This difference undoubtedly accounts for much of the difference in national performance. Indeed, I believe that the prevailing U.S. reform agenda will lead to lower, not higher, teacher quality, whereas the strategies our most successful competitors are pursuing will enable them to pull further and further ahead. Let's take a look at these strategies.

Winning Strategies from Around the World

Raise the Standards—A Lot

Teacher quality begins with the standards for getting into schools of education. Top-performing countries have greatly raised those standards, making them comparable with the standards for getting into schools for the leading professions. In Singapore, only one applicant in eight is accepted into the nation's teacher education institution, and teachers are recruited from the top 30 percent of the high school graduating class. In Finland, only 1 in 10 applicants to teacher education institutions is accepted; Finland is therefore able to recruit from the top 20 percent of high school graduates. Japan has been recruiting its teachers from top-quality high school graduates since the Meiji Restoration in the 1800s.
Not so in the United States. The most recent data from the College Board show that college applicants planning to go to schools of education scored in the bottom one-third on their SATs. Their combined mathematics and reading scores were 57 points below the national average (College Board, 2008; Higher Education Research Institute, 2010).
Our competitors not only insist on high standards, but also require applicants to undergo rigorous admissions processes. Take Finland, which uses a two-stage process. The first stage is a review of documents. Applicants don't get beyond this stage unless they score well on the national college entrance exams and have a high grade point average and a strong record of nonacademic accomplishments in high school. In the second stage of the review, the applicant must excel on a demanding written exam on assigned books in pedagogy; pass an expert observation of their social and communication skills; and perform well in a demanding interview conducted by experienced educators who ask, among other things, why the candidate wants to become a teacher.

Move Teacher Education to Research Universities

High-performing countries, such as Finland and Singapore, are moving teacher education from relatively low-status postsecondary institutions to research universities. This move has several benefits. First, it makes teacher education more attractive to students who could get their professional preparation at high-prestige institutions if they chose other professions. Second, it makes it easier to attract outstanding scholars to teach in the education field. Third, it tends to infuse the training of teachers with cutting-edge research. In short, it leads to better students, better teachers, and a better grounding in high-quality research.

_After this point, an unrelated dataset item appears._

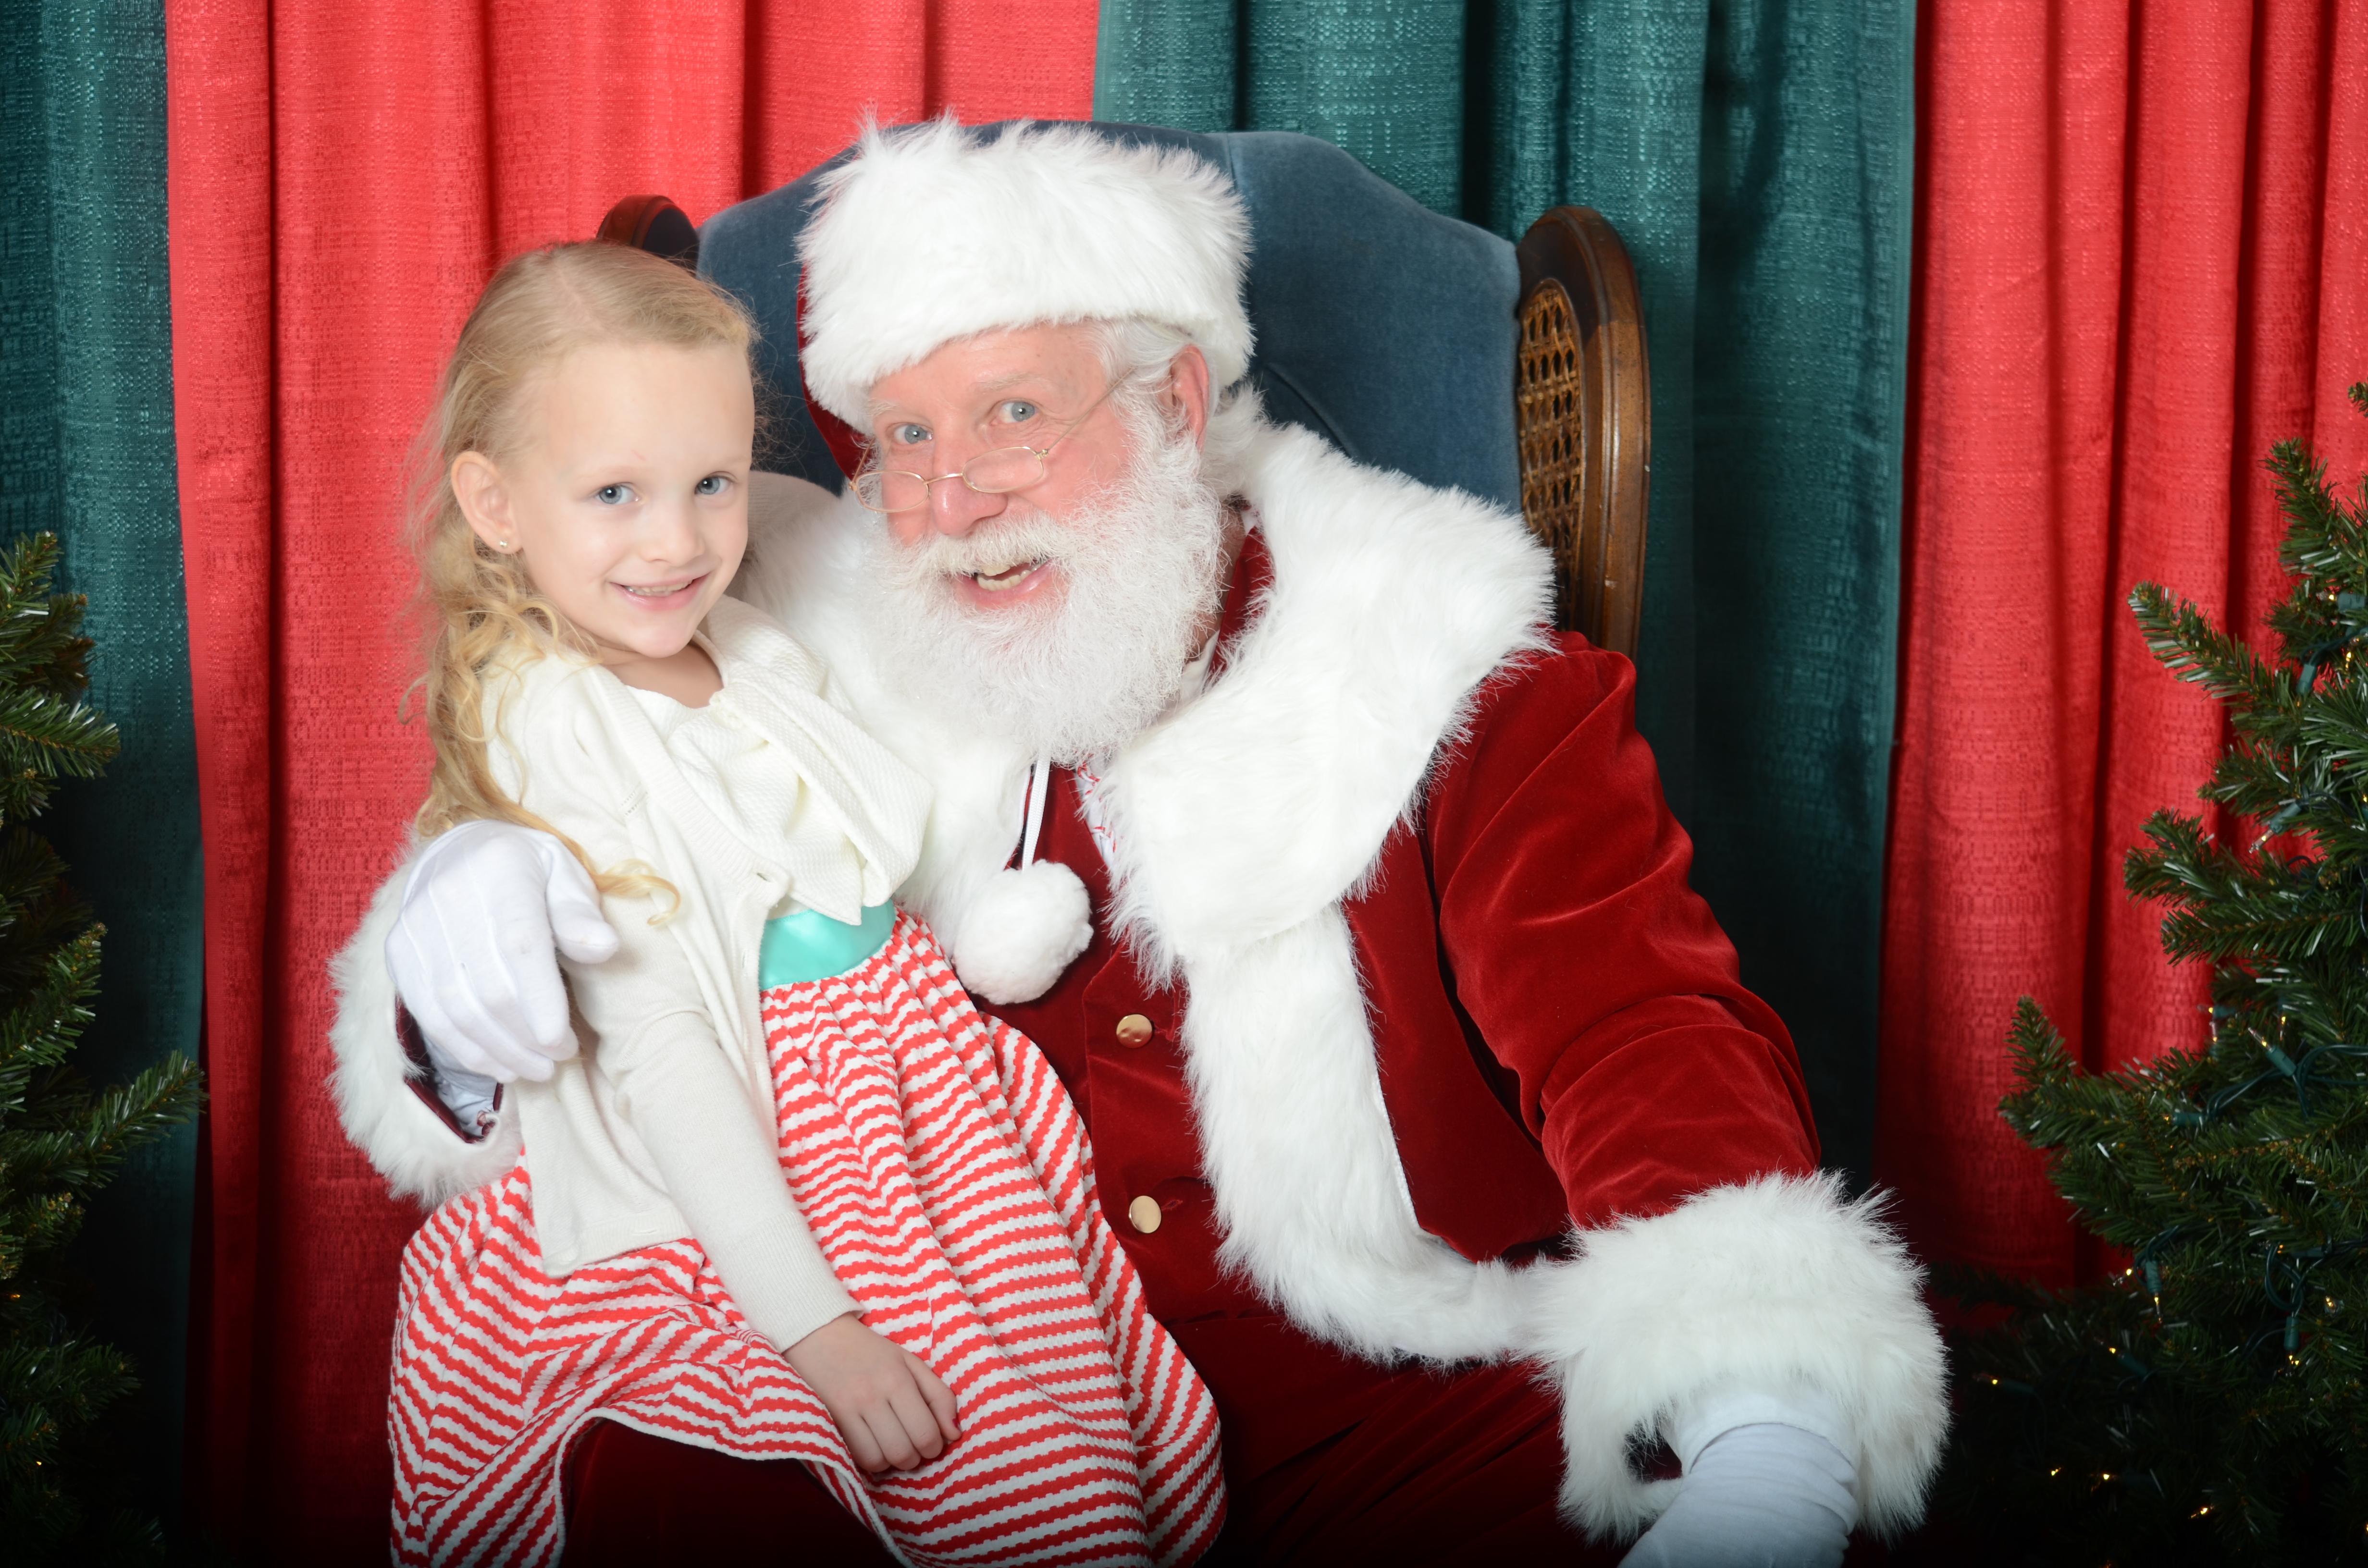 Papa HoHo - Professional Santa Claus in Northern Virginia

Insist That Teachers Know Their Subject

All of the United States' strongest competitors require that teachers be expert in the subjects they teach. Many countries have organized their elementary schools so that most teachers teach either mathematics and science or language arts and social studies. Then they require that their elementary teachers minor in the two subjects they will teach. Many places, like Shanghai (not a country, of course, but a city of 17 million people, larger than most U.S. states), require that their secondary teachers master the same standards in their subject as undergraduates who will pursue graduate work in the same field.
So it's no surprise that research shows U.S. elementary teachers' command of mathematics falls far short of that of their Chinese counterparts (Ma, 1999). Many U.S. elementary teachers have taken little or no math or science at all in college—unlike their peers in the top-performing countries, who at least minored in these subjects if they teach them.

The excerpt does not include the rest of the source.